Jeff Choate, now in his second week as the Nevada Wolf Pack’s head football coach, has a lot of work to do for his new employer.
At the top of his to-do list is to rebuild the coaching staff and give the roster a much-needed influx of talent. But that’s just for starters.
So, what is Choate going to do? Well, on Friday he’s going to head back to the Texas Longhorns as co-defensive coordinator and help them prepare for their College Football Playoff semifinal game against Washington on Jan. 1.
If the Longhorns beat the Huskies, they will meet the Alabama-Michigan winner on Jan. 8. That means the Pack could be without its new head coach for almost a month.
Thanks for the job. See ya’ll in a month or so. I have better things to do. Go Pack!
“How many times are you going to play for a national championship,” Choate said during his introductory press conference early last week.
Well, if you are at Nevada, the answer to that question is never. So, yes, we understand why Choate would want to squeeze as much out of this 2023 season at Texas as possible.
But the Wolf Pack needs Choate now. They actually needed him two years ago, but nobody up on North Virginia Street knew it at the time.
The Wolf Pack will need him over the final two weeks of December and the first 10 days or so of January. There are recruits, after all, to be secured for the Wolf Pack. There is a staff of assistant coaches that need to be hired. There is an apathetic community that would like to meet and talk to its new head coach and needs to be convinced to part with some of their savings account so Choate can buy players.
There is also a culture to be established for a program that is now in a fragile transition period. There are current players that need to be reassured they are wanted and needed. There is a new offense and defense that needs to be implemented. You know, all the reasons why the Pack made him an instant millionaire last week.
Choate said when he was hired that the wheels of his program will be put in motion before he leaves later this week like, you know, those wheels won’t need him to move forward. Well, the first thing Choate will learn is that at Nevada those wheels will need his constant supervision and control as long as he’s the head coach. You’re not in Texas anymore, Coach Choate. Well, after Jan. 8 you won’t be.

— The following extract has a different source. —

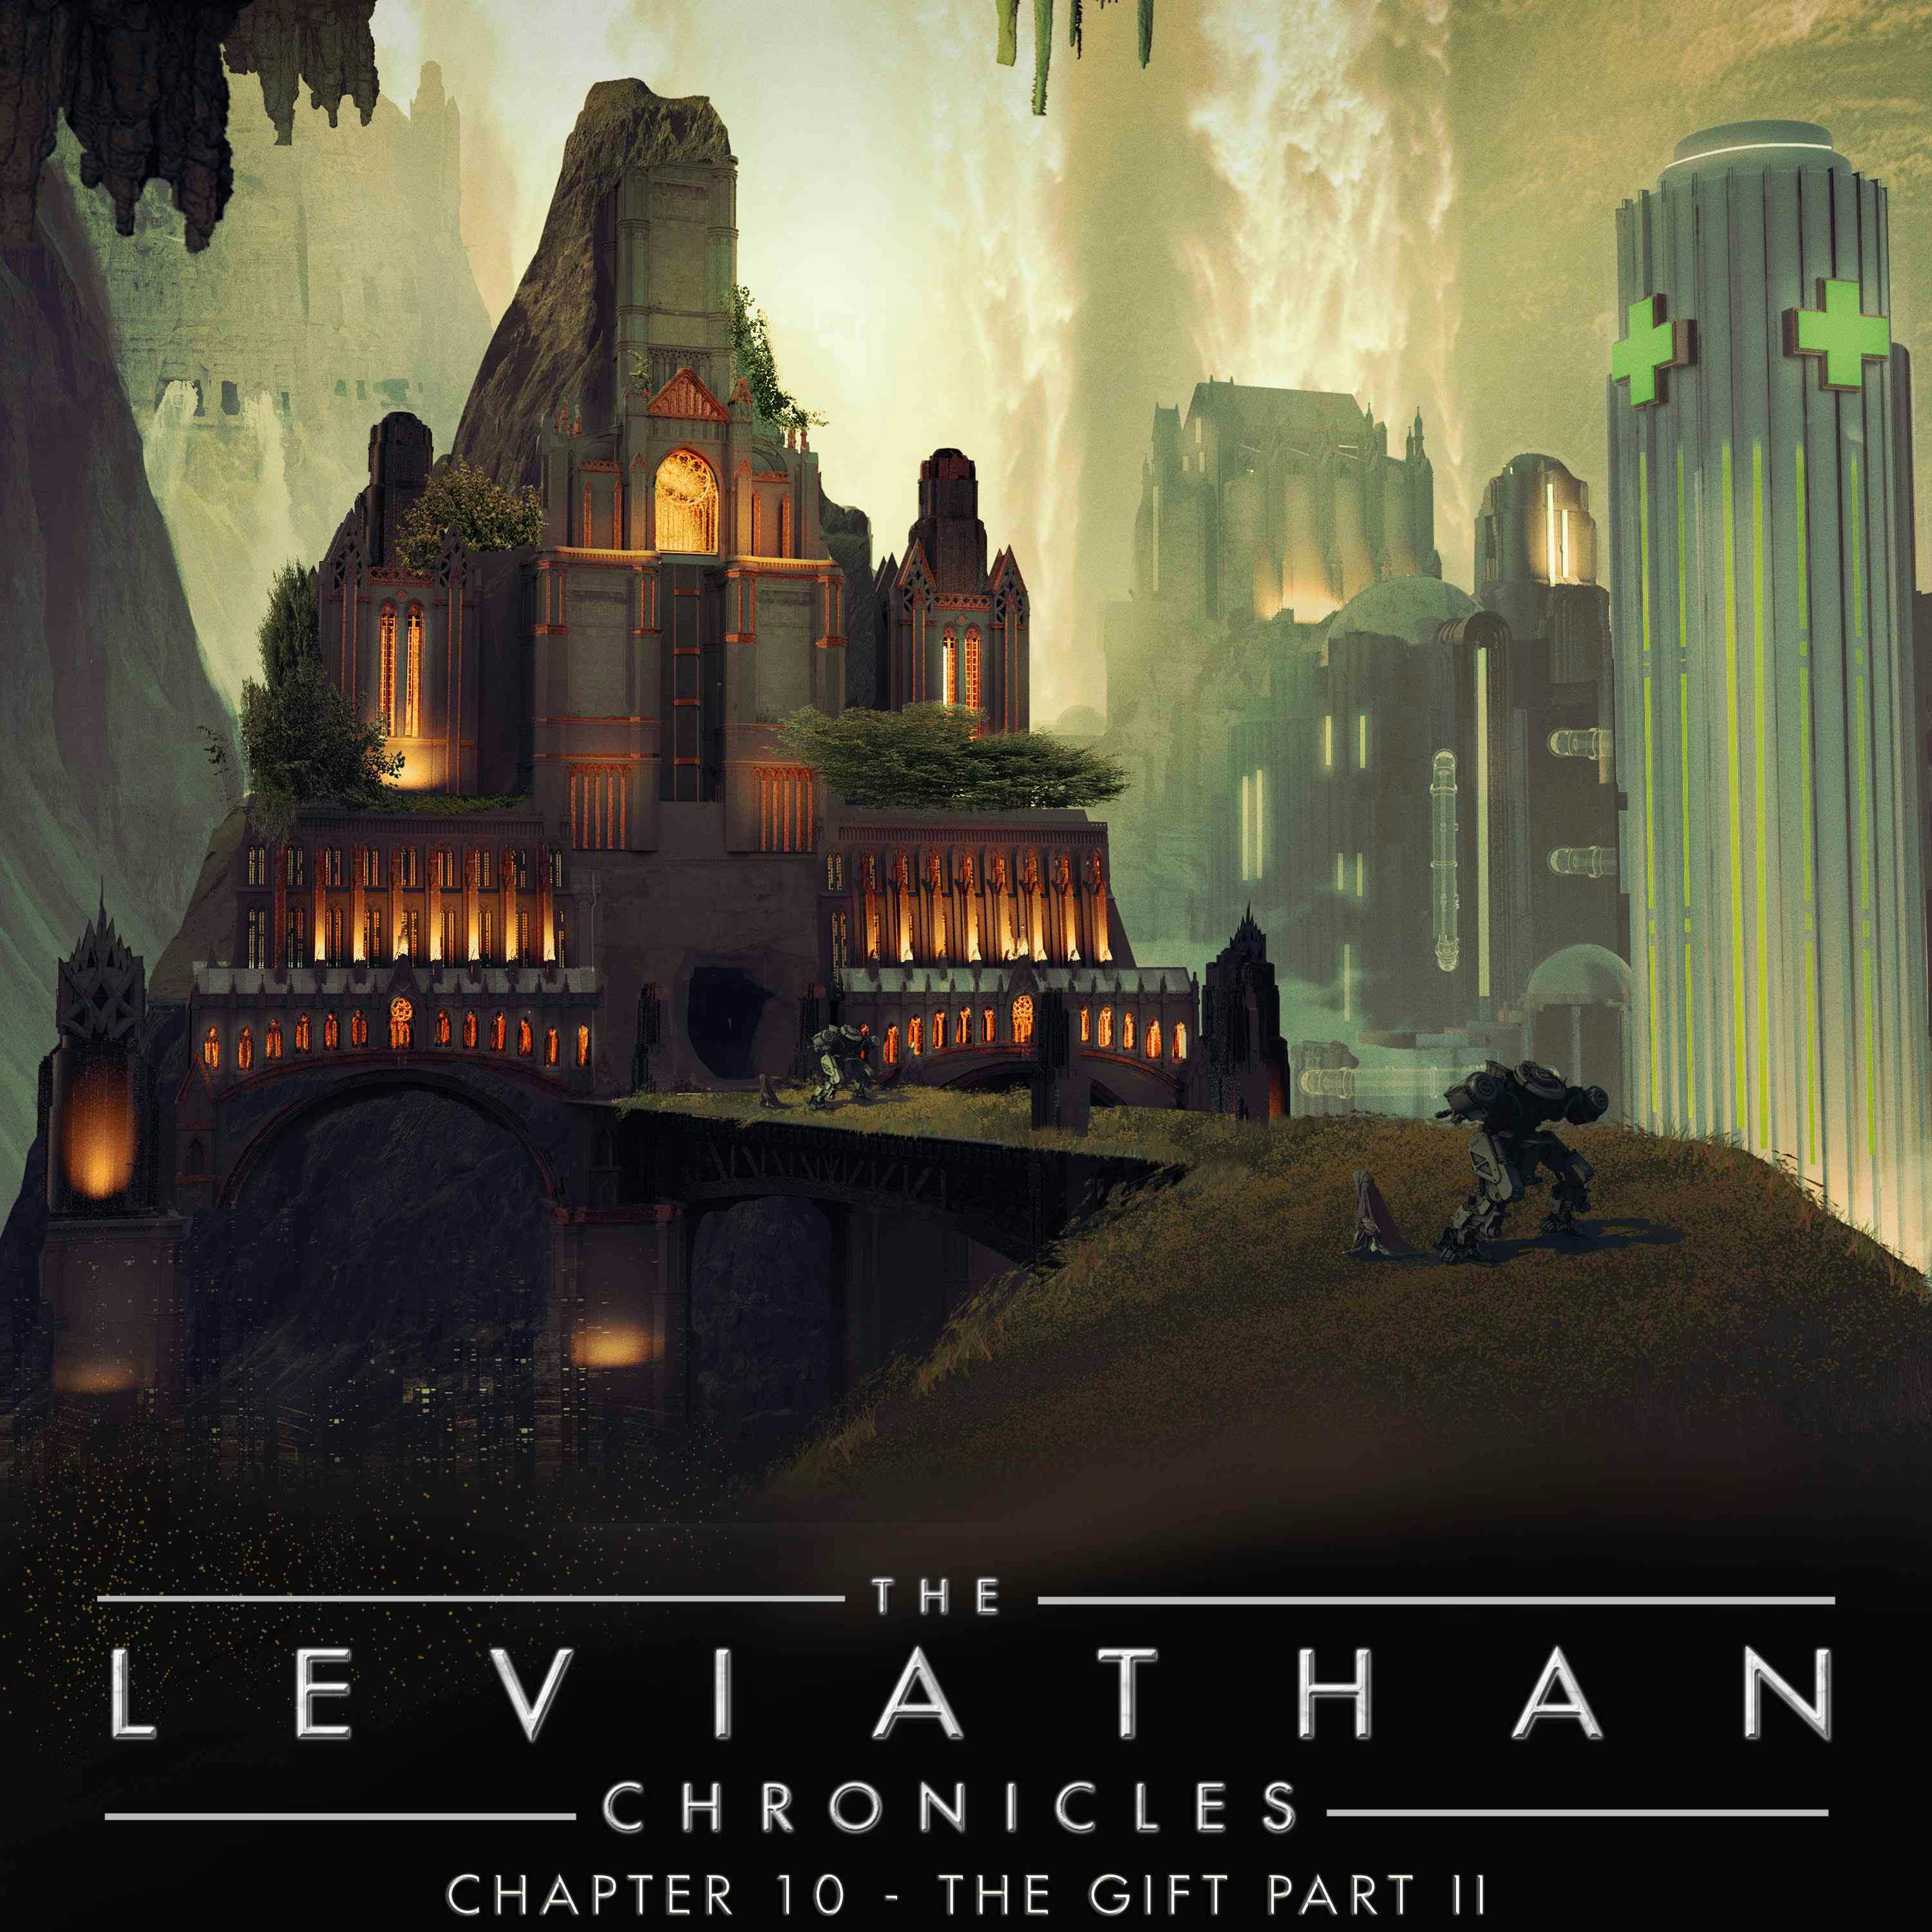 The Leviathan Chronicles | Chapter 10 - The Gift Part II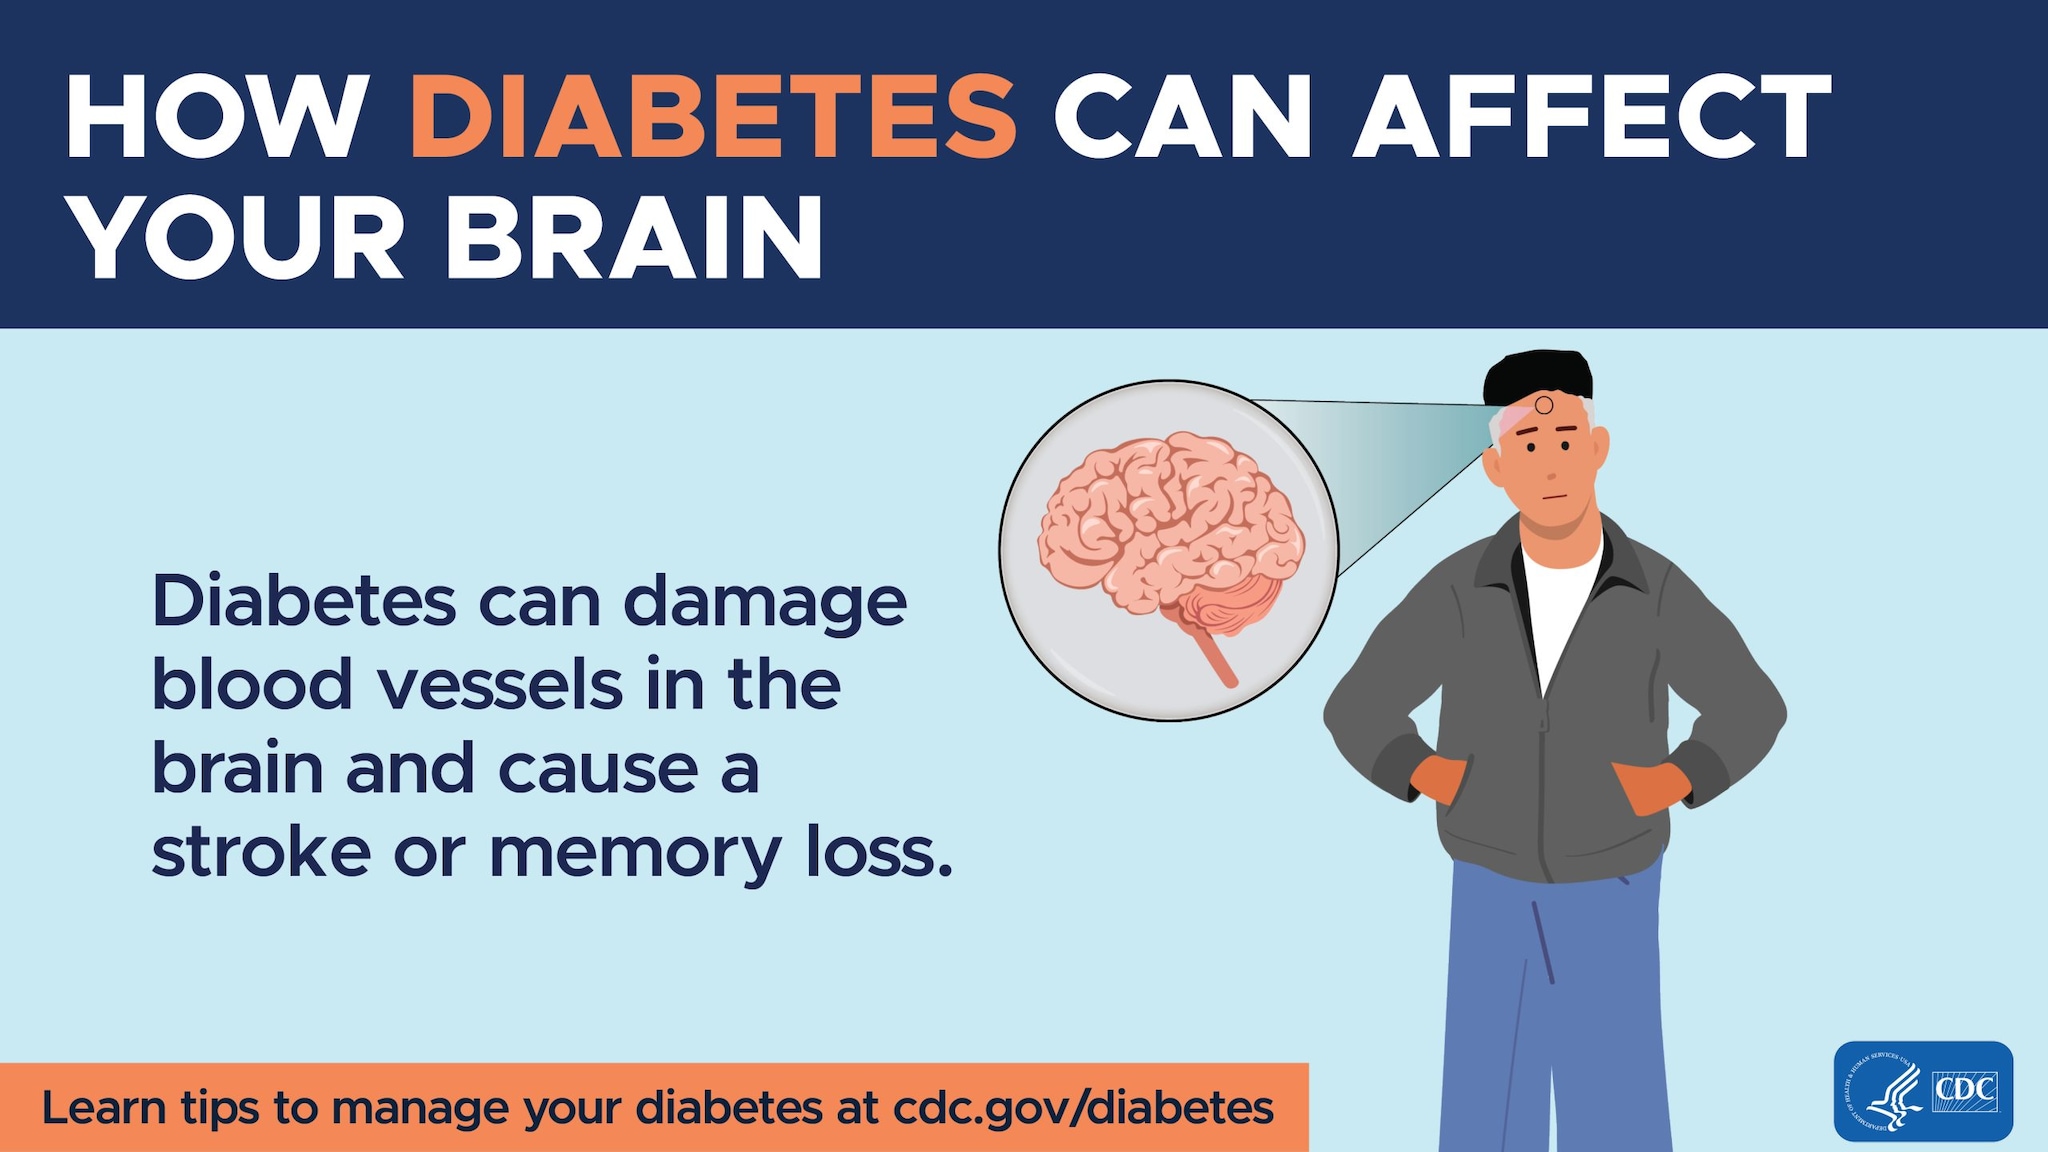 Diabetes can damage blood vessels in the brain and cause a stroke or memory loss.

Choate, though, is putting that off all of his work and new responsibilities at Nevada for a month or so. He’s got a national championship to win for another school, for goodness’ sake. Hook ‘em, Horns!
Make no mistake, Choate is not unique. This is what head coaches do now. Ken Wilson did the same thing when he was hired two years ago. He went back to Oregon for a few weeks at a time when the Pack was more depleted and broken than it is now and helped them in the Alamo Bowl against Oklahoma.
When new head coaches are hired, their new school treats them as if they are the second coming of Bear Bryant. Nobody questions anything they do starting with their introductory press conference throughout their entire tenure as head coach until, of course, they get fired.
Choate taking the Pack job and then immediately turning around and going back to Texas for multiple weeks has a squirmy, creepy feel to it. Imagine a divorced guy getting married and going through the ceremony and meeting his new family but then going back to his former wife for the honeymoon.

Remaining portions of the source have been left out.